国税庁の「令和6年分 民間給与実態統計調査」では、1年を通じて勤務した給与所得者の平均給与は478万円とされており、住宅営業の年収は日本全体の平均と大きく離れているわけではありません。

ただし、住宅営業は勤務先の規模や担当する商材、個人の成果によって年収差が出やすい職種です。求人ボックスでも、住宅営業の給与幅は327万〜813万円と広く、成果を上げることで平均以上の収入を目指せる可能性があります。

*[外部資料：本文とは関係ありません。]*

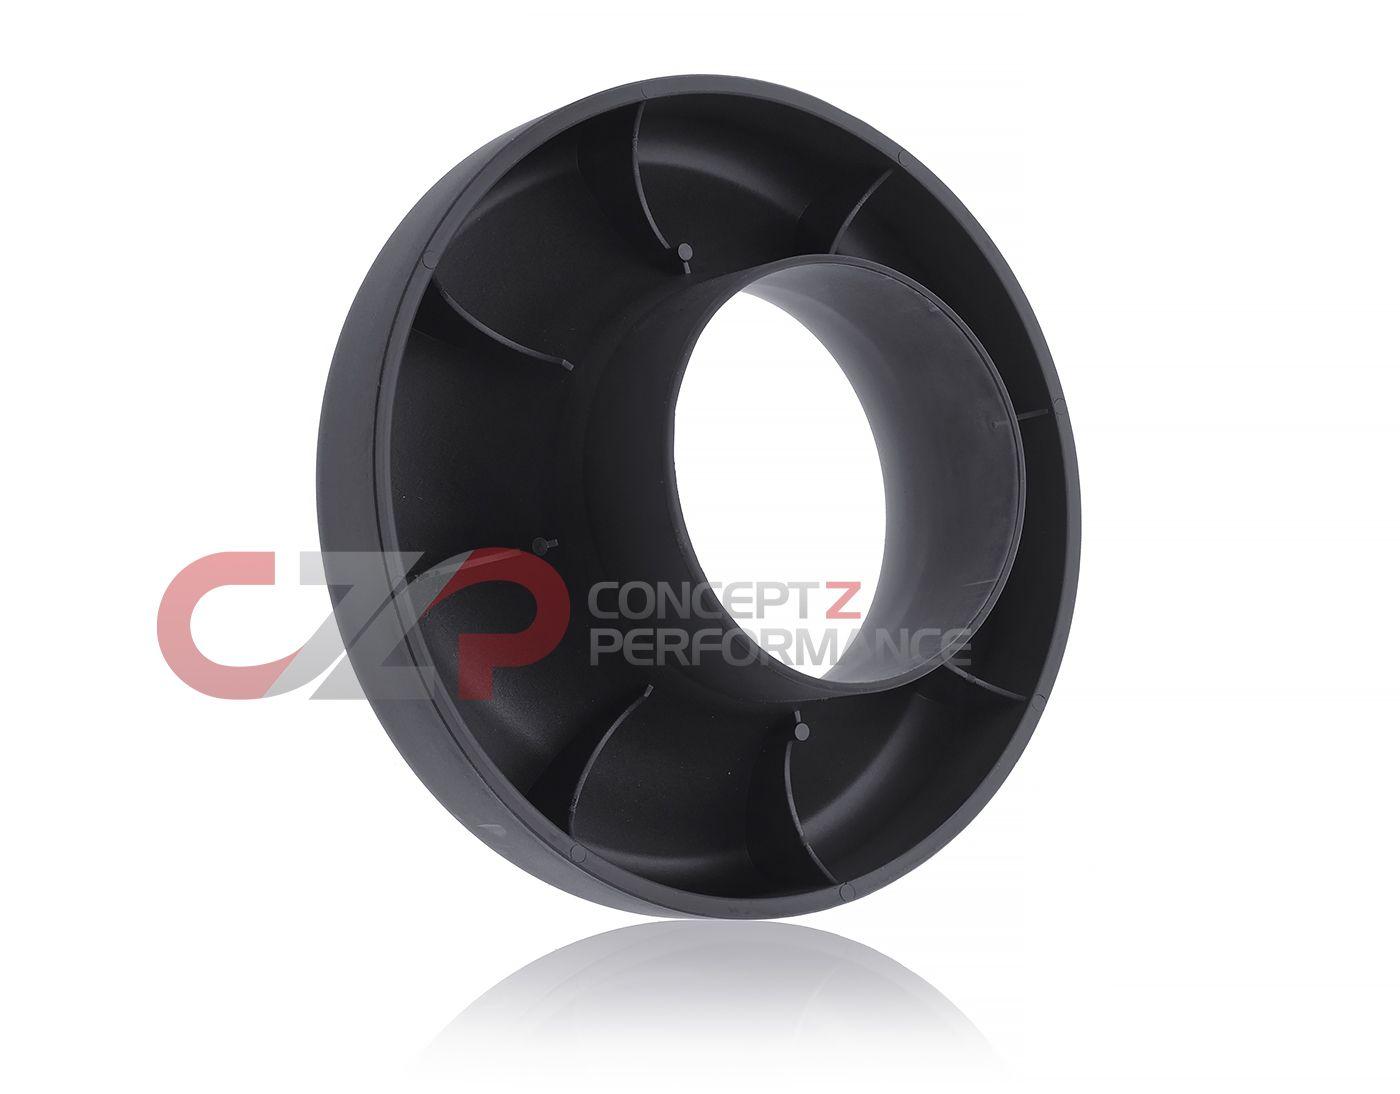 BLOX Racing 3.0inch Composite Velocity Stack BXIM-00300

また、dodaの職種データでは、不動産営業・建設営業の平均年収は459.4万円とされており、住宅営業に近い領域でも同程度の水準が目安になります。

一方で、インセンティブ制度や役職、営業成績によって年収が上がるケースもあるため、転職時は基本給だけでなく、歩合・賞与・評価制度まで確認することが大切です。

参照:求人ボックス 給料ナビ「住宅営業の仕事の年収・時給・給料(求人統計データ)」
参照:doda職種図鑑「不動産営業/建設営業とはどんな職種?仕事内容/年収/転職事情を解説」
参照:国税庁「令和6年分 民間給与実態統計調査」

住宅営業に向いている人の特徴

住宅営業に向いているのは、人と接することが好きで、顧客の話を丁寧に聞ける人です。

住宅は高額な買い物であるため、一方的に売り込むのではなく、要望や不安に寄り添いながら信頼関係を築く姿勢が求められます。

また、すぐに契約につながらないケースも多いため、断られても気持ちを切り替え、改善を続けられる粘り強さも大切です。

設計担当や工事担当、金融機関などと連携する場面もあるため、関係者と円滑にやり取りできる調整力や、住宅・金融・法律などの知識を前向きに学べる人も向いています。

未経験から住宅業界に転職する際のポイント

結論として、未経験から住宅業界に転職することは十分に可能です。

住宅営業では、入社時点で建築や不動産の専門知識がすべて求められるわけではなく、顧客の要望を丁寧に聞き取り、信頼関係を築けるかどうかも重視されます。

そのため、営業職や接客業などで培ったコミュニケーション力・提案力・目標達成の能力は、未経験から住宅営業を目指すうえでも評価されやすい要素です。

一方で、住宅は顧客にとって人生の中でも大きな買い物です。間取りや設備だけでなく、住宅ローン、土地、税金、契約手続きなどに関する知識も必要になるため、入社後は継続的に学び続ける姿勢が欠かせません。

経験者と比べて最初は知識面で差がある分、基本的な住宅用語や業界の仕組みを早い段階で理解する努力が求められます。

未経験転職では「なぜ住宅業界なのか」「なぜ住宅営業に挑戦したいのか」を明確に伝えることが大切です。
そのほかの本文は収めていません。